In the entries below, repeat only the lines between those holding "Higher Education Authority Logo" and "Marie Mas Swiveling Spiral Ring ufLfjCC", inclusive. Leave pictures out.

-- Supplied entries --
┄┄┄┄┄┄┄┄┄┄┄┄┄┄┄┄┄┄┄┄

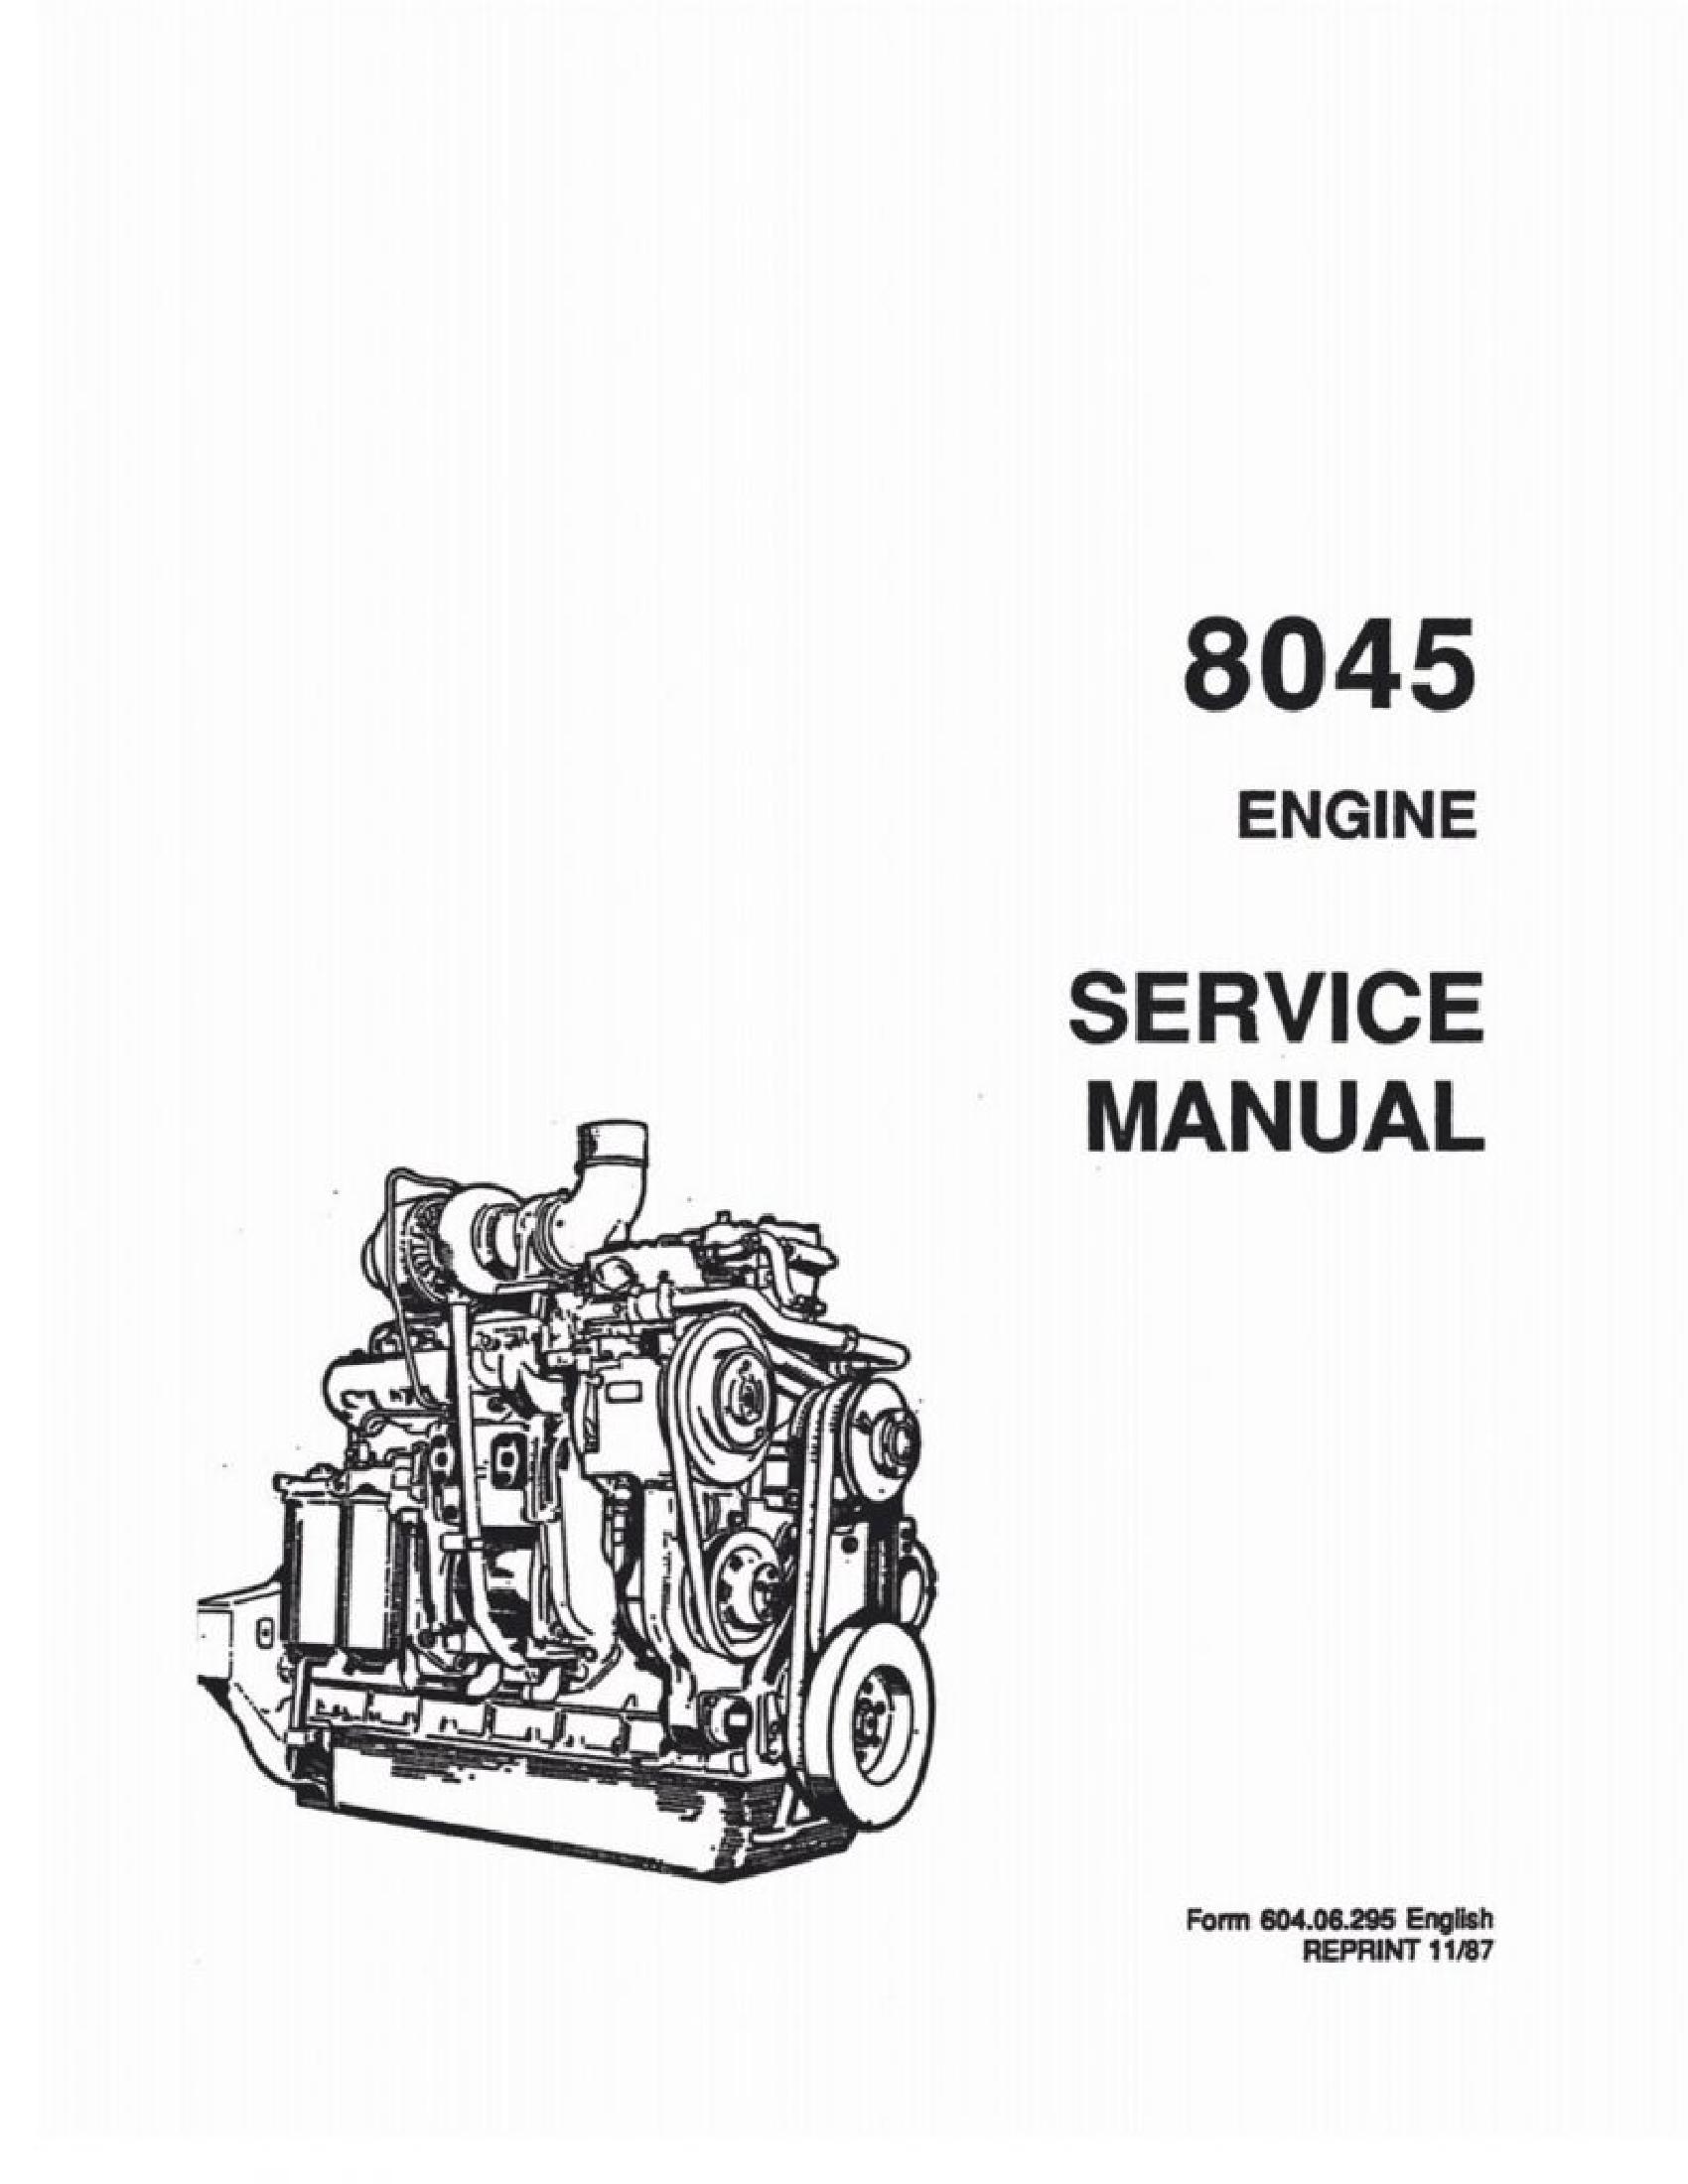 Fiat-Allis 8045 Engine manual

┄┄┄┄┄┄┄┄┄┄┄┄┄┄┄┄┄┄┄┄

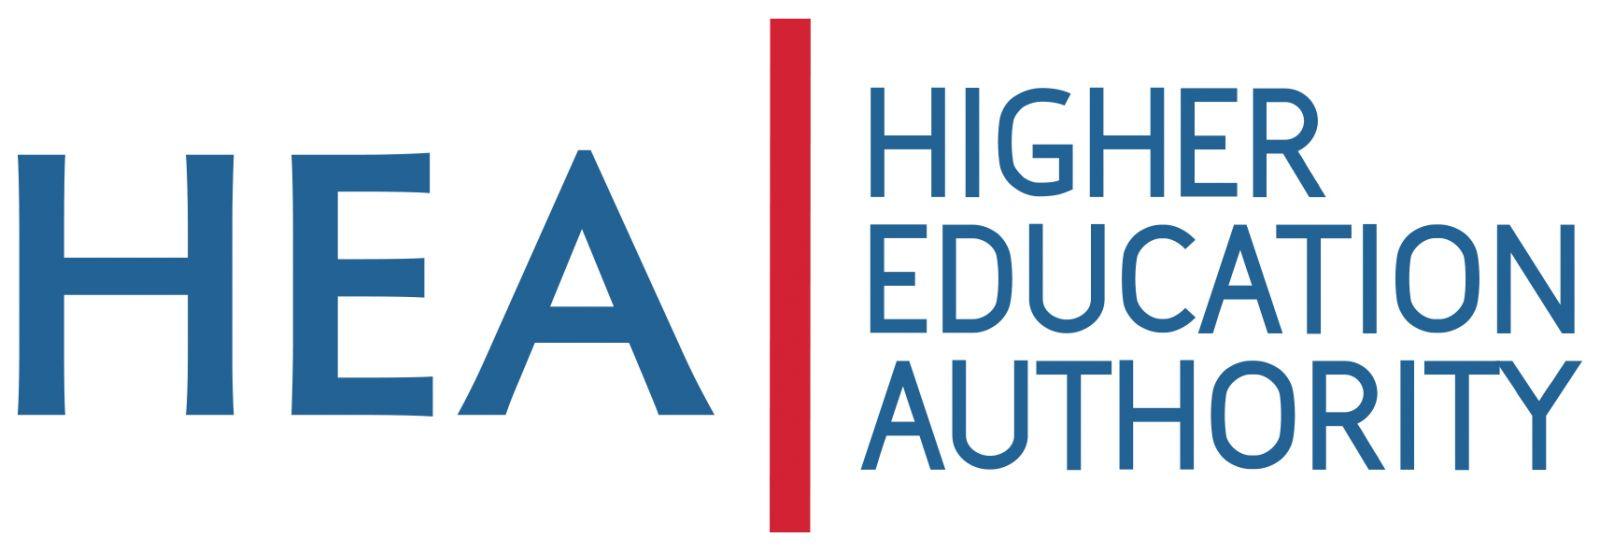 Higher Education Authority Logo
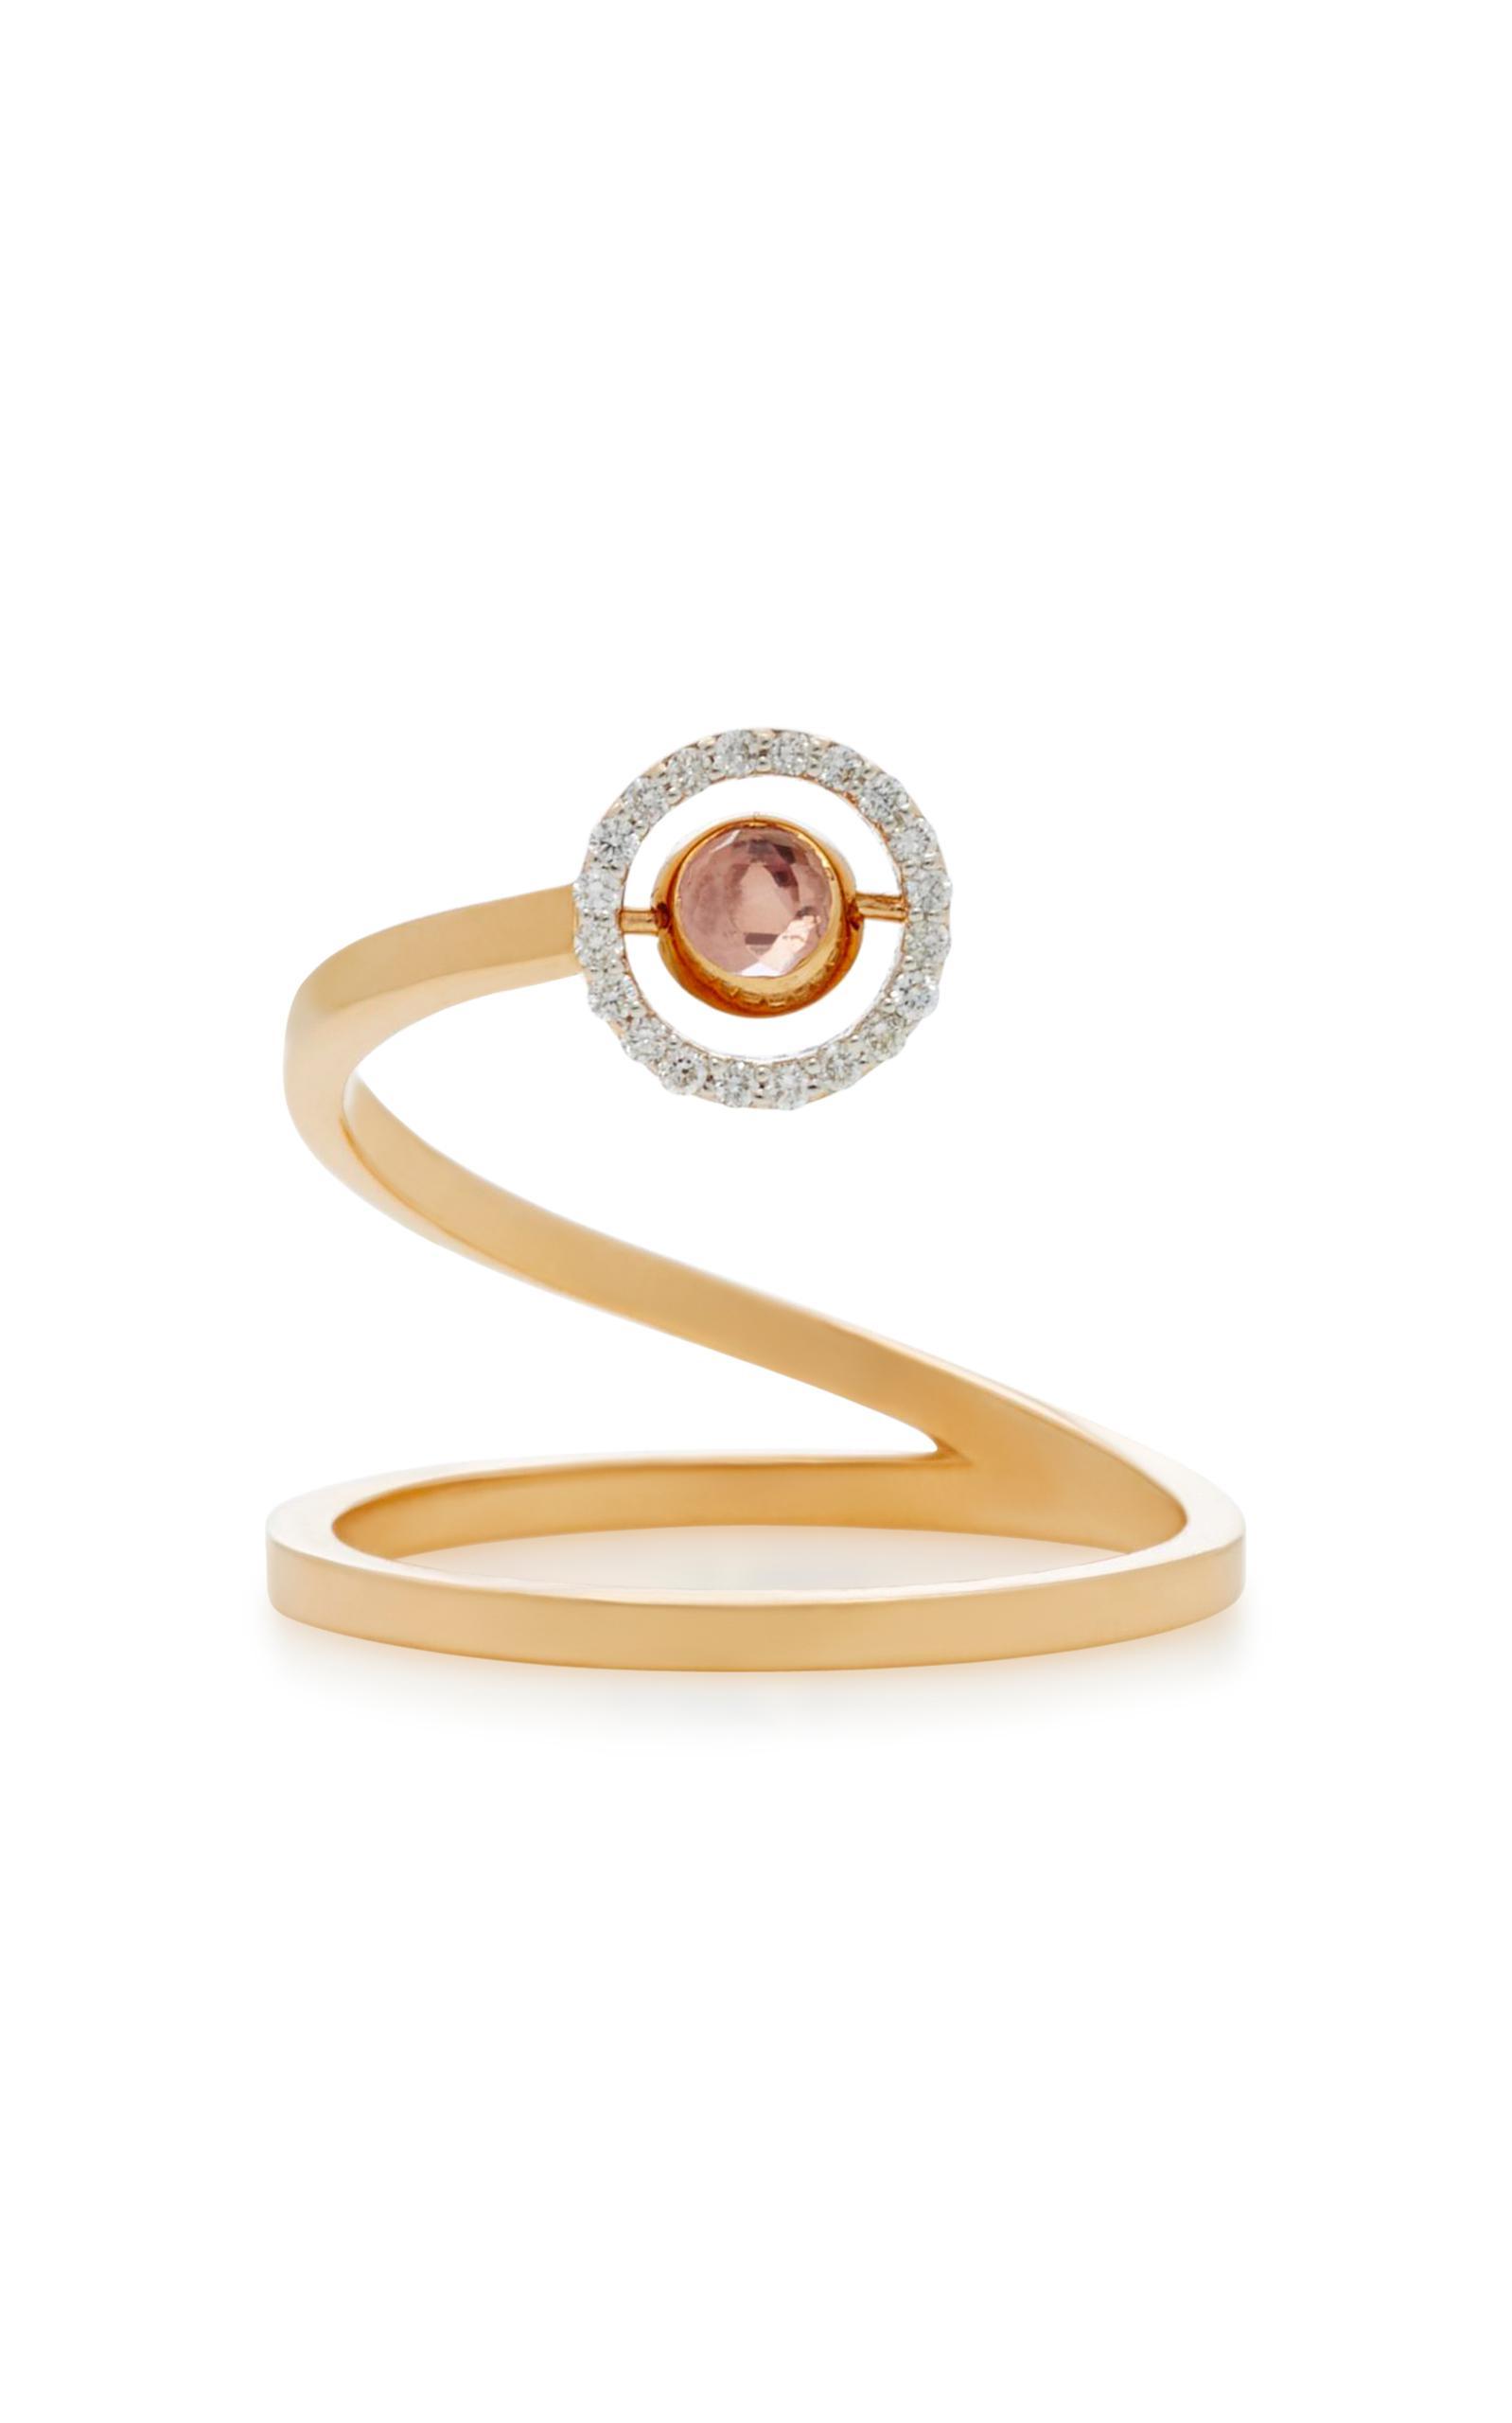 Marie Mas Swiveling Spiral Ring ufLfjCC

┄┄┄┄┄┄┄┄┄┄┄┄┄┄┄┄┄┄┄┄

-- Exercise answer --
 Higher Education Authority Logo
 Marie Mas Swiveling Spiral Ring ufLfjCC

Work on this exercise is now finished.